União: Calamidade Pública e as Regras Fiscais¹

Diante da pandemia do Covid-19 a União decretou Estado de Calamidade Pública. Primeiramente é importante saber o que caracteriza essa situação. Segundo decreto federal³ , trata-se de situação anormal, provocada por desastres, causando danos e prejuízos que impliquem o comprometimento substancial da capacidade de resposta do poder público do ente atingido.

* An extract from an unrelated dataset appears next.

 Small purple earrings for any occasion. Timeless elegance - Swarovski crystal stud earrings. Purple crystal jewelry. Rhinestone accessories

Pela definição se verifica que o estado de calamidade pública é decretado por governantes em situações reconhecidamente anormais, decorrentes de desastres (naturais ou provocados) e que causam danos graves à comunidade, inclusive ameaçando a vida dessa população. É preciso haver pelo menos dois entre três tipos de danos para se caracterizar a calamidade: danos humanos, materiais ou ambientais.

Um fato relevante no modelo brasileiro é que a decretação desse estado é uma prerrogativa reservada para as esferas estadual e municipal, isto é, somente governadores e prefeitos podem decretar calamidade pública. Mas, e o presidente da república, por que não tem essa prerrogativa? Na esfera federal, podem ser decretados apenas dois tipos dos chamados estados de exceção: o estado de defesa e o estado de sítio – que é o mais grave.

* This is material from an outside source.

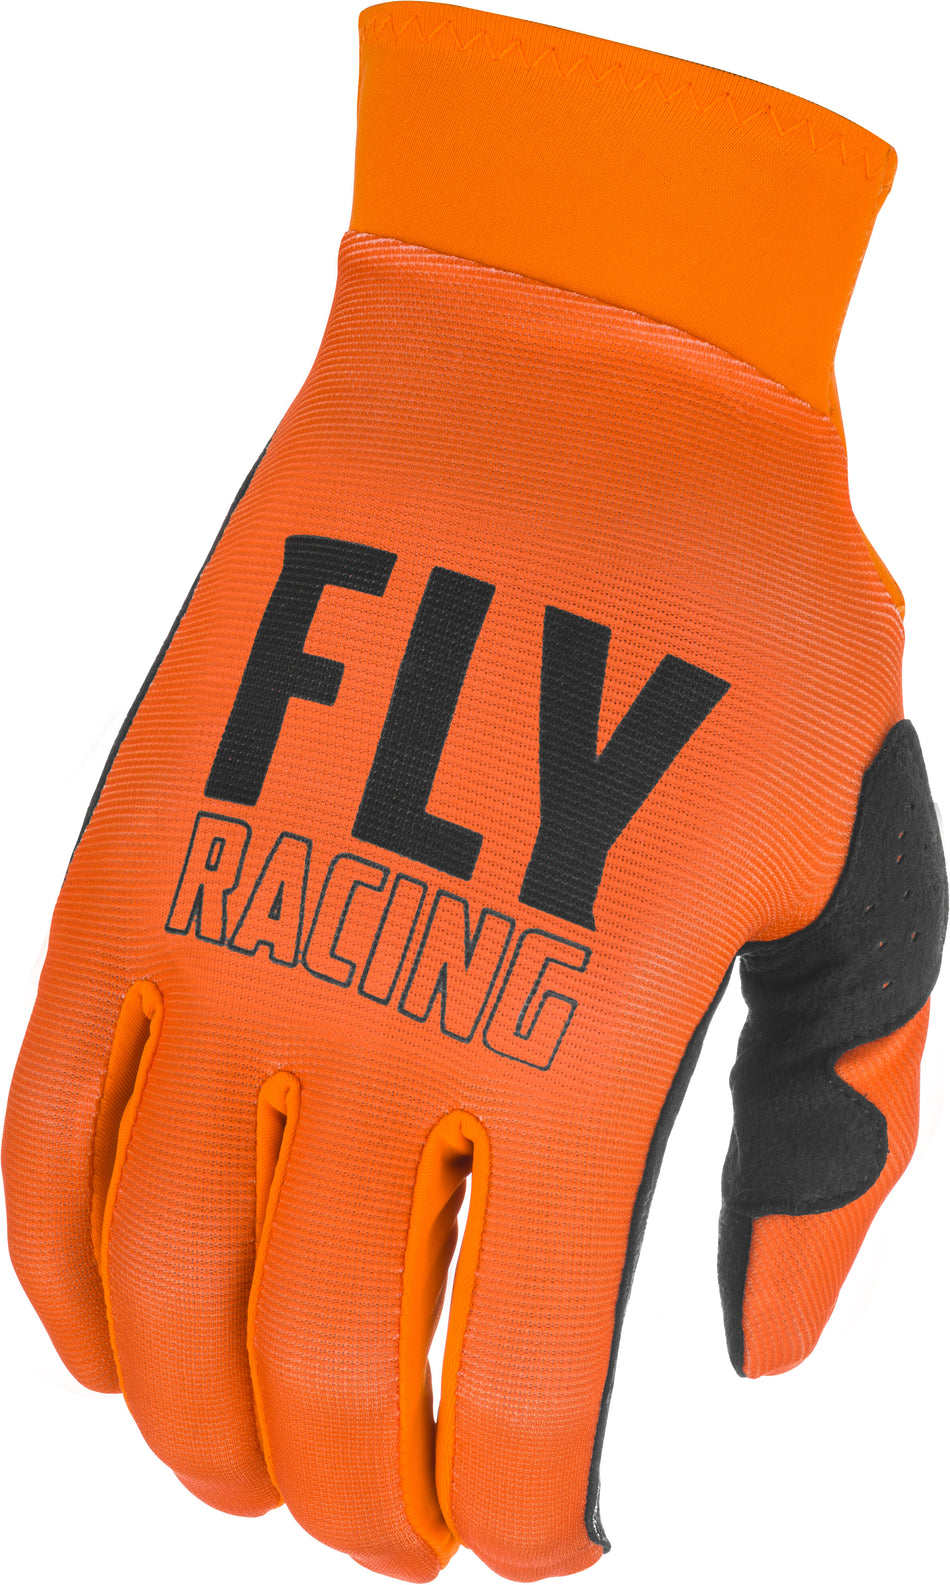 FLY RACING Pro Lite Gloves Orange/Black Sz 12 374-85812

Então, no caso do Presidente, por que decretar? Primordialmente para usufruir dos benefícios previstos no artigo 65 da Lei de Responsabilidade Fiscal (LRF):

LRF, Art. 65. Na ocorrência de calamidade pública reconhecida pelo Congresso Nacional, no caso da União, ou pelas Assembleias Legislativas, na hipótese dos Estados e Municípios, enquanto perdurar a situação: (grifo nosso)

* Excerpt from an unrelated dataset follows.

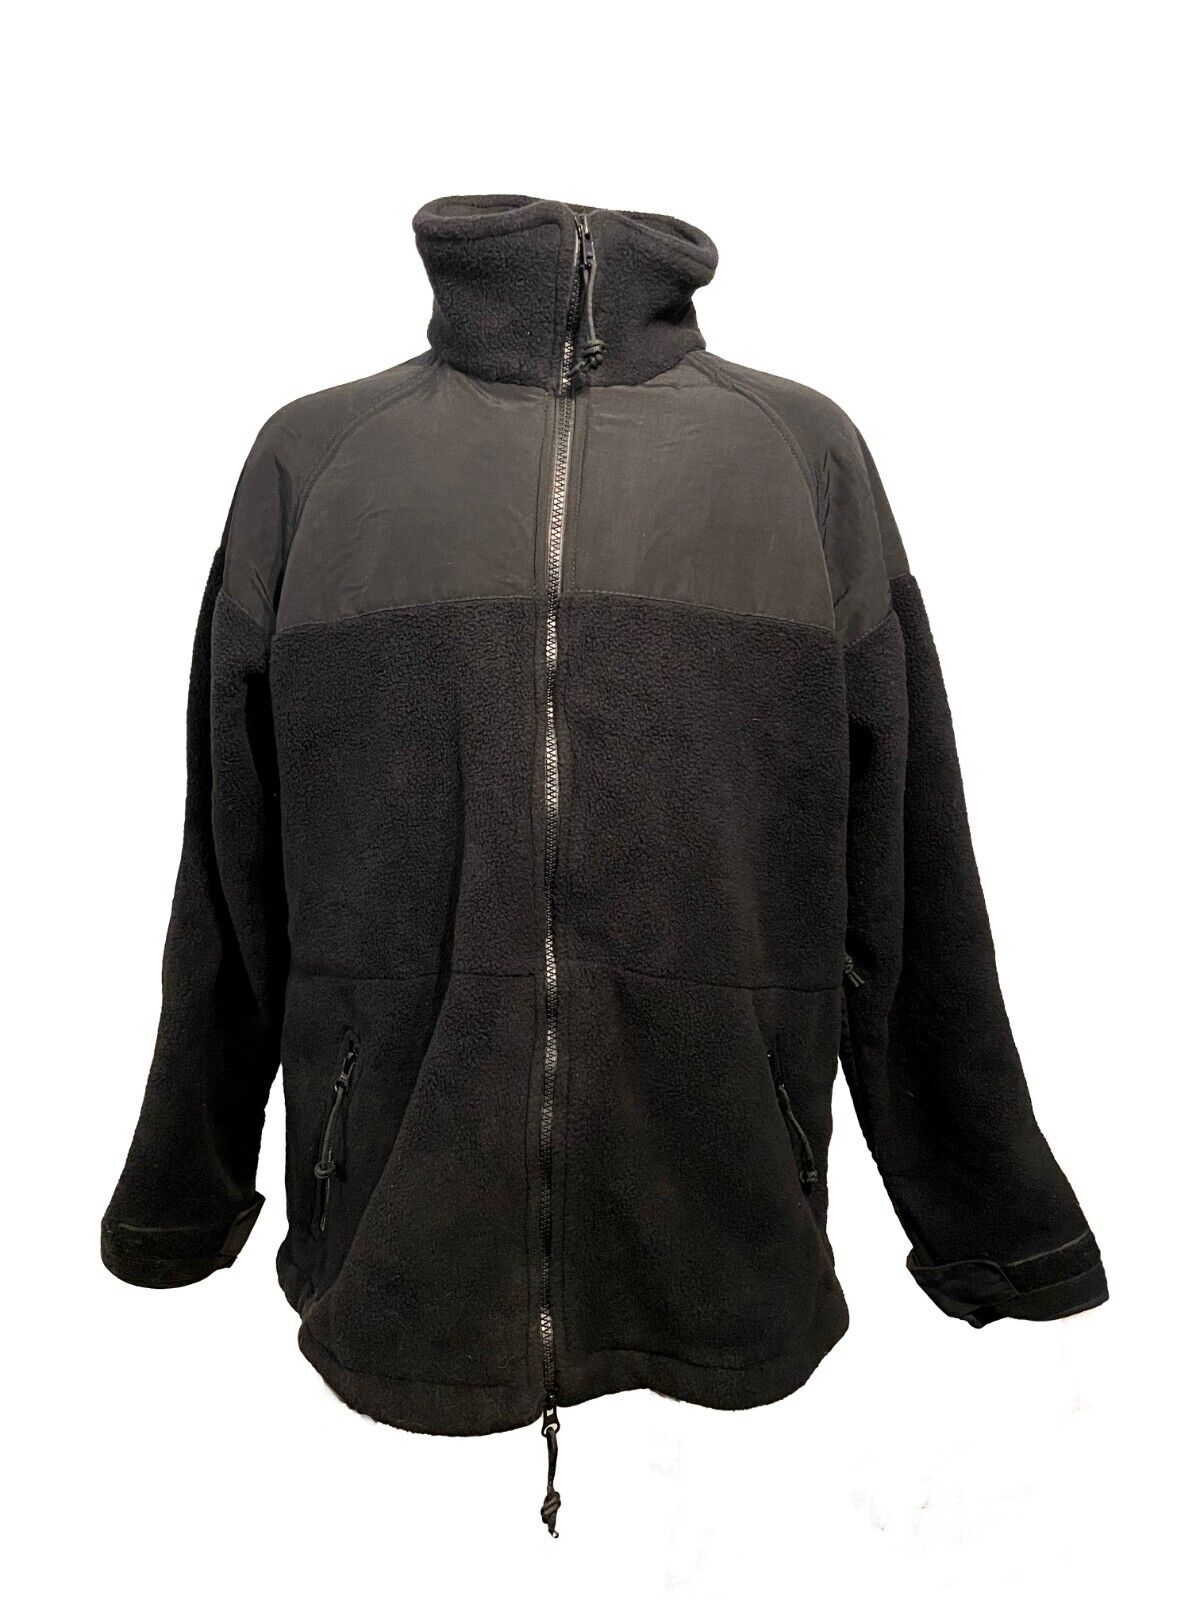 DSCP by Peckham US Military  Black Polartec  Fleece Cold Weather Jacket Medium

I – serão suspensas a contagem dos prazos e as disposições estabelecidas nos arts. 23, 31 e 70;

II – serão dispensados o atingimento dos resultados fiscais e a limitação de empenho prevista no art. 9o.

Parágrafo único. Aplica-se o disposto no caput no caso de estado de defesa ou de sítio, decretado na forma da Constituição.

Assim a principal vantagem, no caso da União, é que uma vez decretada e aprovada pelo Congresso Nacional há suspensão de prazos para cumprimento de limites fiscais estabelecidos na LRF e principalmente o fato do governo ficar desobrigado de fazer contingenciamentos para atingir a meta fiscal.

Segundo o artigo 65 da LRF ficam suspensos os prazos previstos para:

a) ajustar o montante da despesa com pessoal que estiver acima do limite em cada Poder ou Órgão – dois quadrimestres, sendo pelo menos um terço no primeiro;
b) recondução do valor da dívida consolidada ao limite estipulado na resolução do Senado – três quadrimestres, reduzindo o excedente em pelo menos 25% (vinte e cinco por cento) no primeiro;

Considerando que a União no momento não desrespeita limites de pessoal e de dívida restou a real motivação para decretação de estado de calamidade: a dispensa de atingir resultados fiscais, em especial a meta de resultado primário prevista para 2020, que era um déficit da ordem de 124 bilhões de reais. Assim, o governo não precisará mais contingenciar despesas a cada bimestre para adequar a programação financeira ao cumprimento da meta fiscal como estabelece o artigo 9º da LRF. Com a crise estima-se que esse déficit ficará acima de 200 bilhões.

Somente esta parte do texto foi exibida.